§ What to work on: The copy you return must match the listing word for word and carry no pictures.

Top of Supplied information

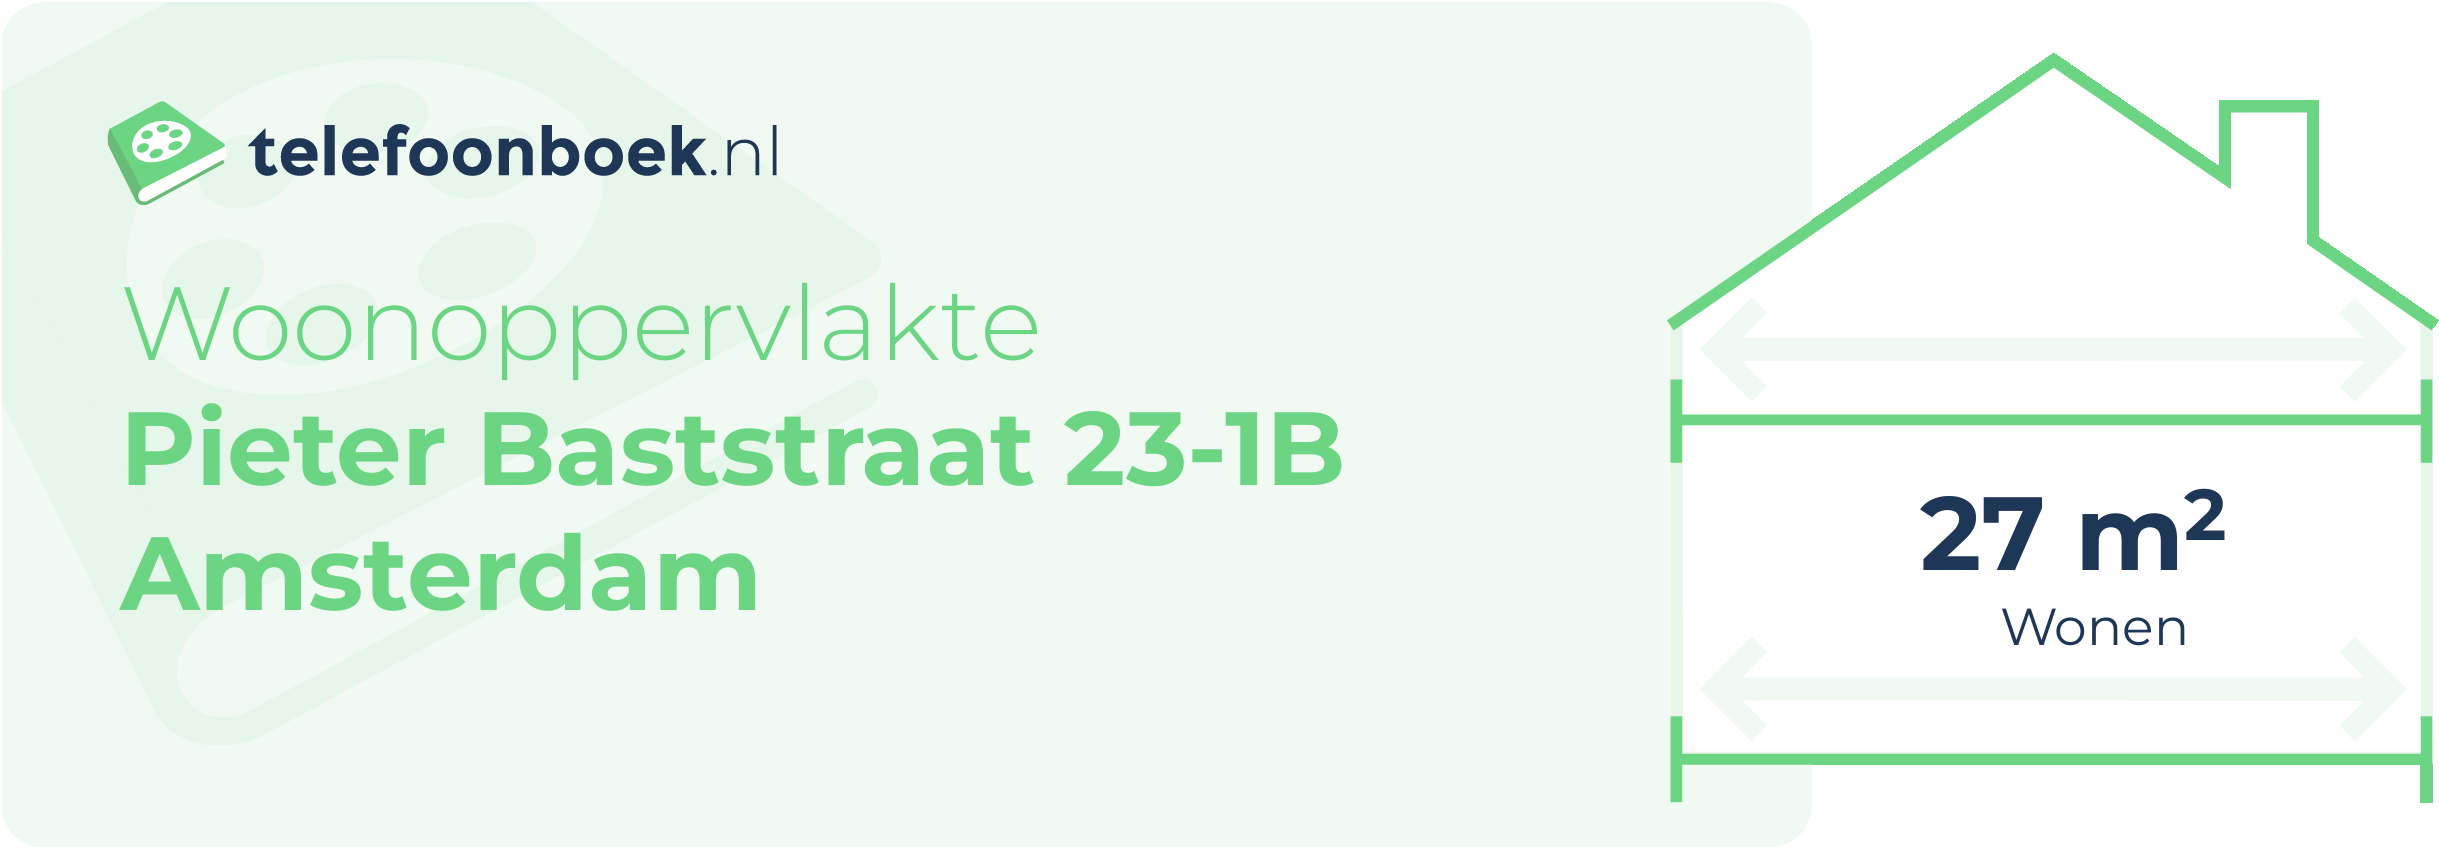 Woonoppervlakte Pieter Baststraat 23-1B Amsterdam
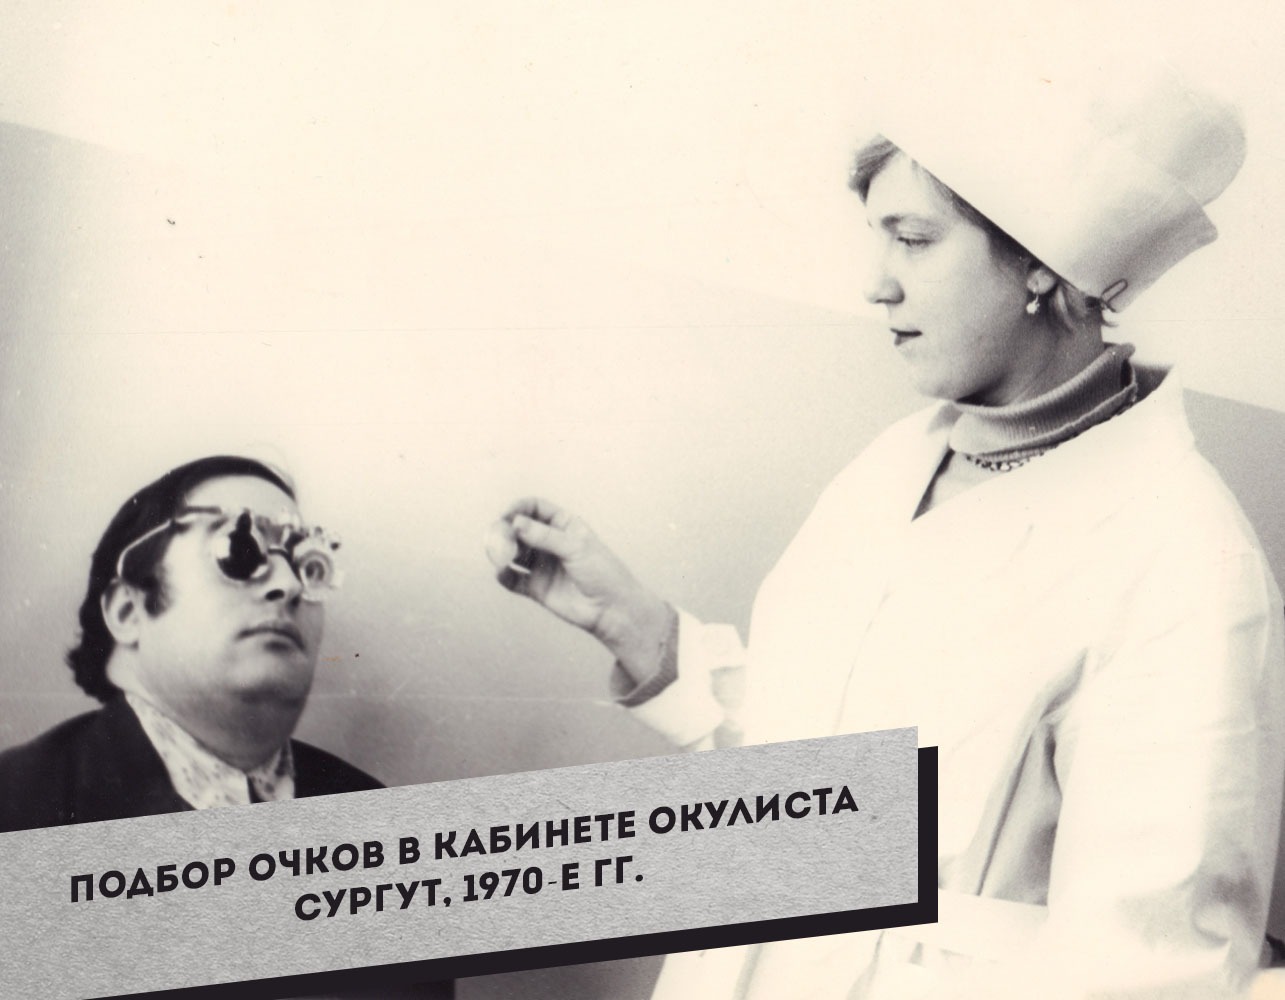 8.-Podbor-ochkov-v-kabinete-okulista.-Surgut-1970-e-gg.
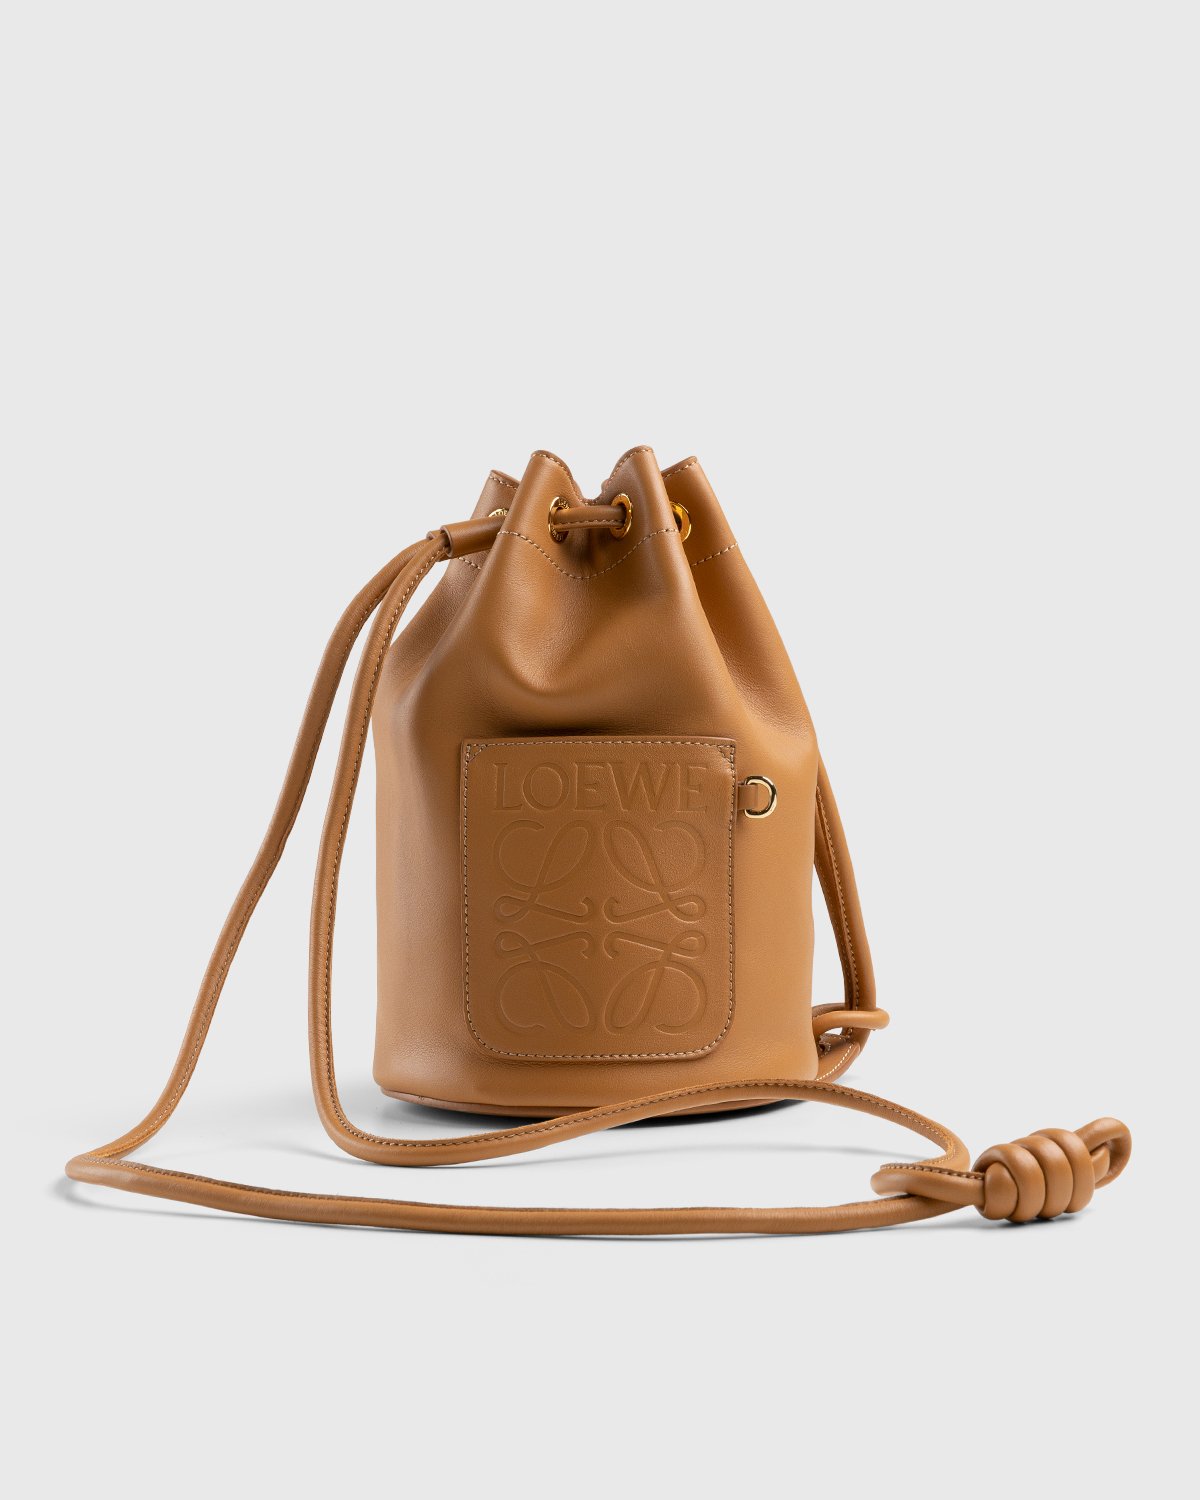 Loewe - Paula's Ibiza Sailor Small Bag Warm Desert - Accessories - Brown - Image 1

Bottom of Supplied information

§ Reply to the exercise:
 Woonoppervlakte Pieter Baststraat 23-1B Amsterdam
 8.-Podbor-ochkov-v-kabinete-okulista.-Surgut-1970-e-gg.
 Loewe - Paula's Ibiza Sailor Small Bag Warm Desert - Accessories - Brown - Image 1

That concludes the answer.